The embodiments of the present disclosure provide the single crystal furnace including the furnace chamber, the crucible, the first inlet pipe having the first inlet port, at least one second inlet pipe each having the respective second inlet port, the flow rate controller, and the pressure regulator. The crucible is placed inside the furnace chamber and at the bottom of the furnace chamber. The first inlet port is placed at the top of the furnace chamber, and the respective second inlet port is placed inside the furnace chamber and above the crucible in the melting stage and the crystal pulling stage. The distance between the respective second inlet port and the crucible is less than the distance between the first inlet port and the crucible. The flow rate controller is configured to control the gas flow rate of the first inlet port and the gas flow rate of the respective second inlet port. The pressure regulator is configured to regulate the pressure in the furnace chamber to the first preset pressure in the melting stage, and regulate the pressure in the furnace chamber to the second preset pressure in the crystal pulling stage. The second preset pressure is greater than the first preset pressure. In this way, the loss of the gas flow rate caused by the transmission of the gas flow emitted from the second inlet port in the furnace chamber is reduced, so that the gas flow transmitted to the liquid surface in the crucible is larger, and the gas is able to take away more oxygen in the silicon material, thereby effectively reducing the oxygen content in the silicon single crystal rod prepared in the single crystal furnace, and improving the performance of the cells prepared by using the silicon single crystal rod as the raw material.

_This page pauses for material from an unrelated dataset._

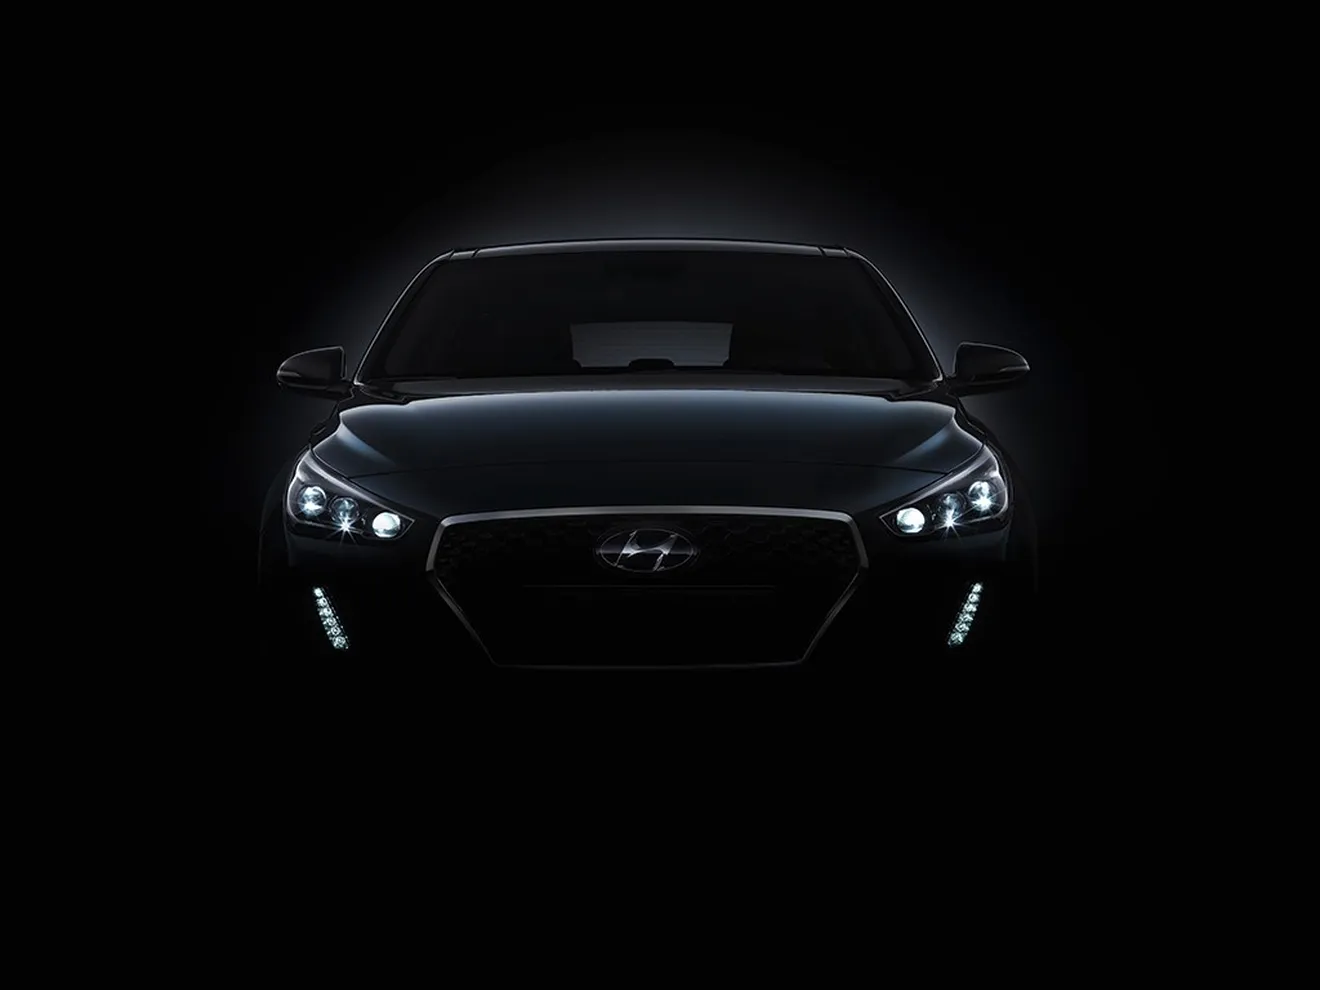 Primeras imágenes y detalles oficiales del Hyundai i30 2017, la nueva generación

Accordingly, some embodiments of the present disclosure further provide a method for preparing a silicon single crystal rod, using the above-described single crystal furnace for crystal pulling. The method for preparing the silicon single crystal rod provided in the embodiments of the present disclosure is described in detail in the following in combination with the accompanying drawings, and the same or corresponding parts as previous embodiments can be referred to the corresponding description of the previous embodiments, which are not described in detail in the following.

FIG. 8 is a flowchart of each operation in the method for preparing the silicon single crystal rod provided in the embodiments of the present disclosure. FIG. 9 to FIG. 10 are schematic structural diagrams corresponding to some operations of the method for preparing the silicon single crystal rod provided in the embodiments of the present disclosure.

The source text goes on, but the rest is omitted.